BS11000, the British Standard for Collaborative Business Relationships is the first of its type in the world to formalise how organisations approach mutual relationships and this Blog (6/8) is part of a series where we look at each individual stage of the Standard in a little more depth.

BS11000 Stage 6 : Value Creation

Stage 6 is the sexy stage of BS11000 and is probably the area that most differentiates the Standard from simply partnering or working together. The Standard is relatively forward-thinking in that it attempts to overtly encourage organisations to create additional value through collaboration and the emphasis must be on the word ‘create’.

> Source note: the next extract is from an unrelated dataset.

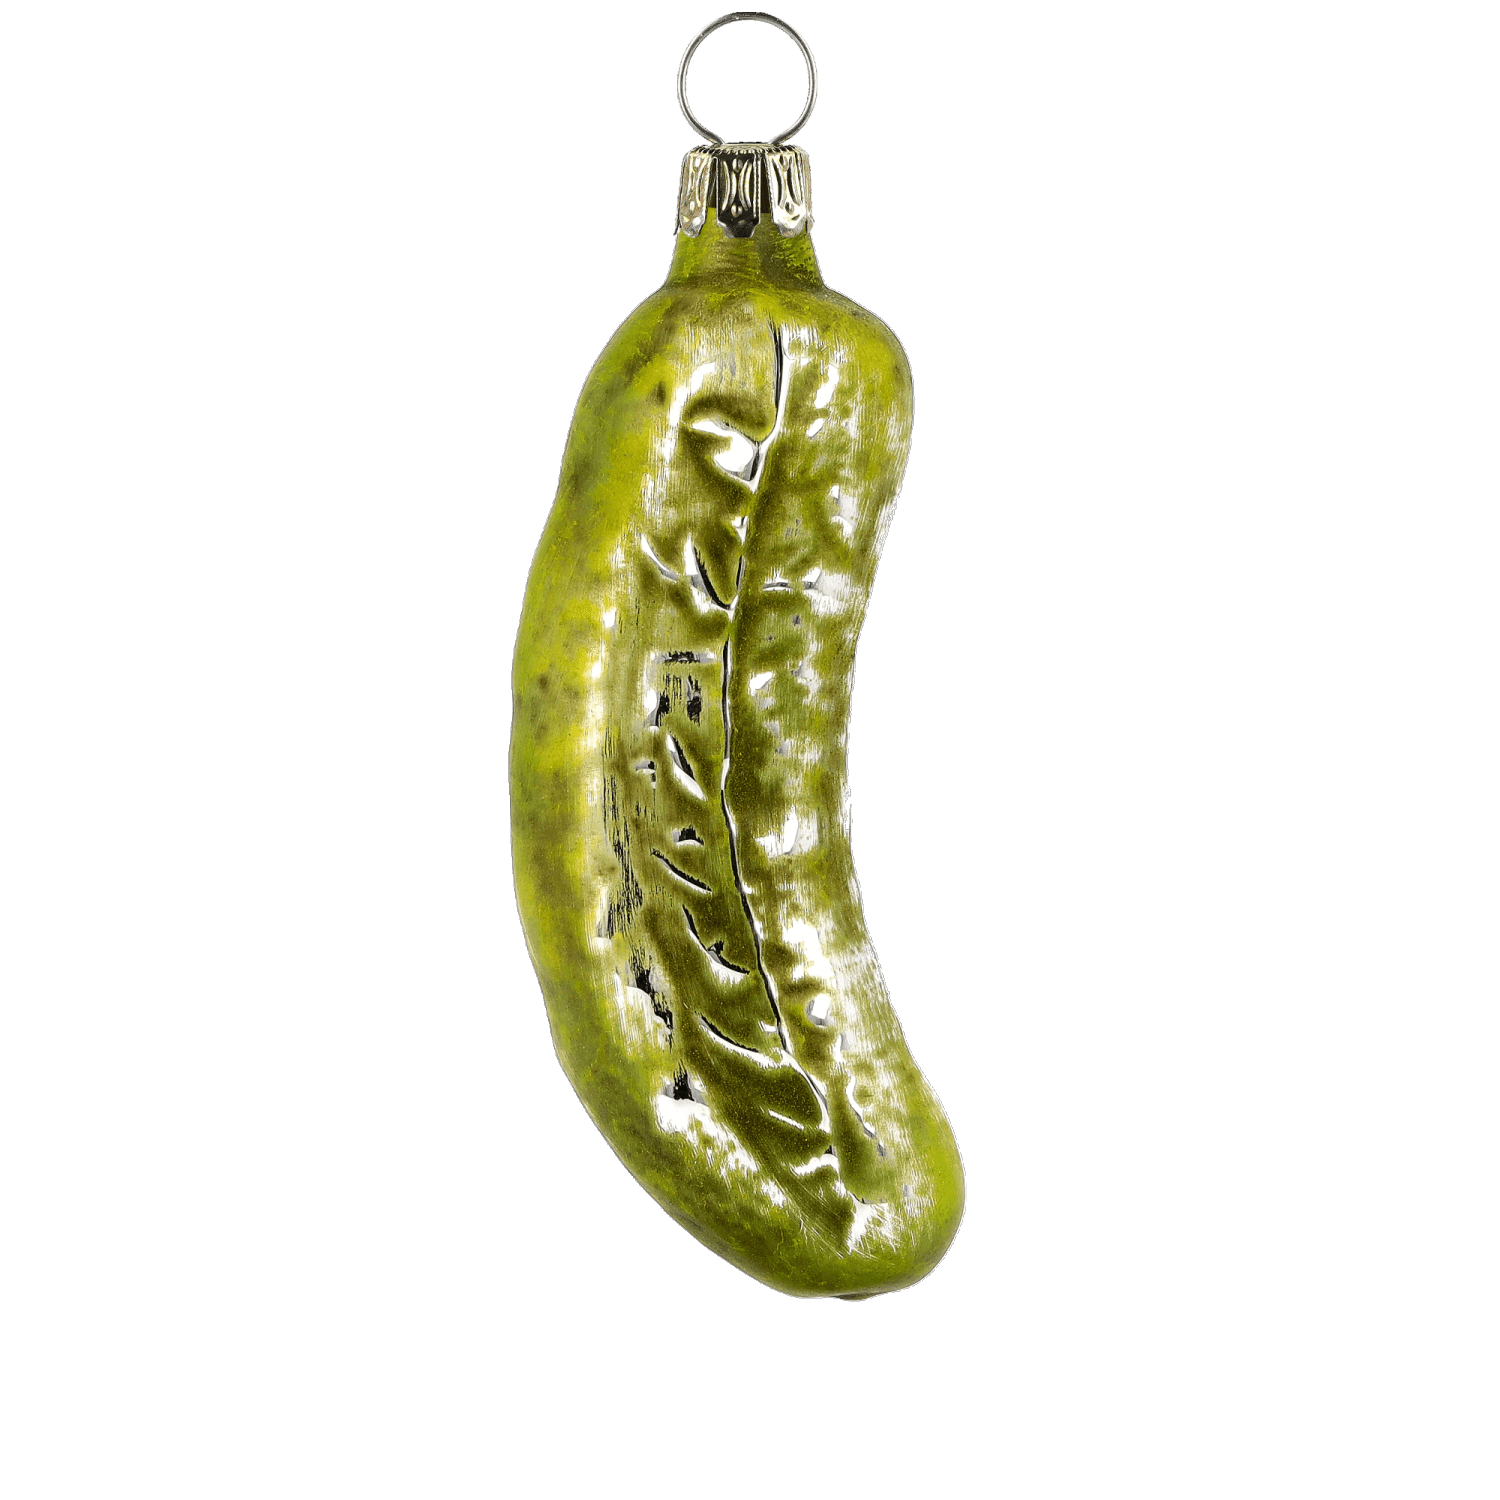 MAROLIN® - Glass ornament "Medium size pickle"

There will undoubtedly be value derived by working more effectively, through true collaborative practice but that is not stretching enough for the Standard and in order to achieve true compliance, the partnered collaborators need to set about genuinely capitalising on joint intelligence and need to actively put the necessary structure in place to generate additional value, through innovation and continual improvement.

6-Value-Creation-300x167‘Creating Value’ is the strapline for Invennt and our philosophy has always evolved around the principle that any intervention should be positive and produce an output benefit, so Stage 6 of BS11000 fits very well with our corporate ethic.

Before setting about constructing a formal process to create value, it is important that the right operating environment still prevails and this does not refer to the physical facilities of each organisation but more the willingness, drive and attitude, along with ability of the teams that will be tasked with looking for innovation, efficiencies and opportunity. This environment is set from the top, from the Senior and Management teams and creating value is an important indicator of the maturity of the relationship and therefore it is critical that the Exec Board are actively engaged in Target Setting and monitoring performance against pre-determined performance measures. Throughout the Standard, the importance of the Senior Exec Responsible (SER) is emphasised and this is a critical factor to all of the Stages, particularly this important stage.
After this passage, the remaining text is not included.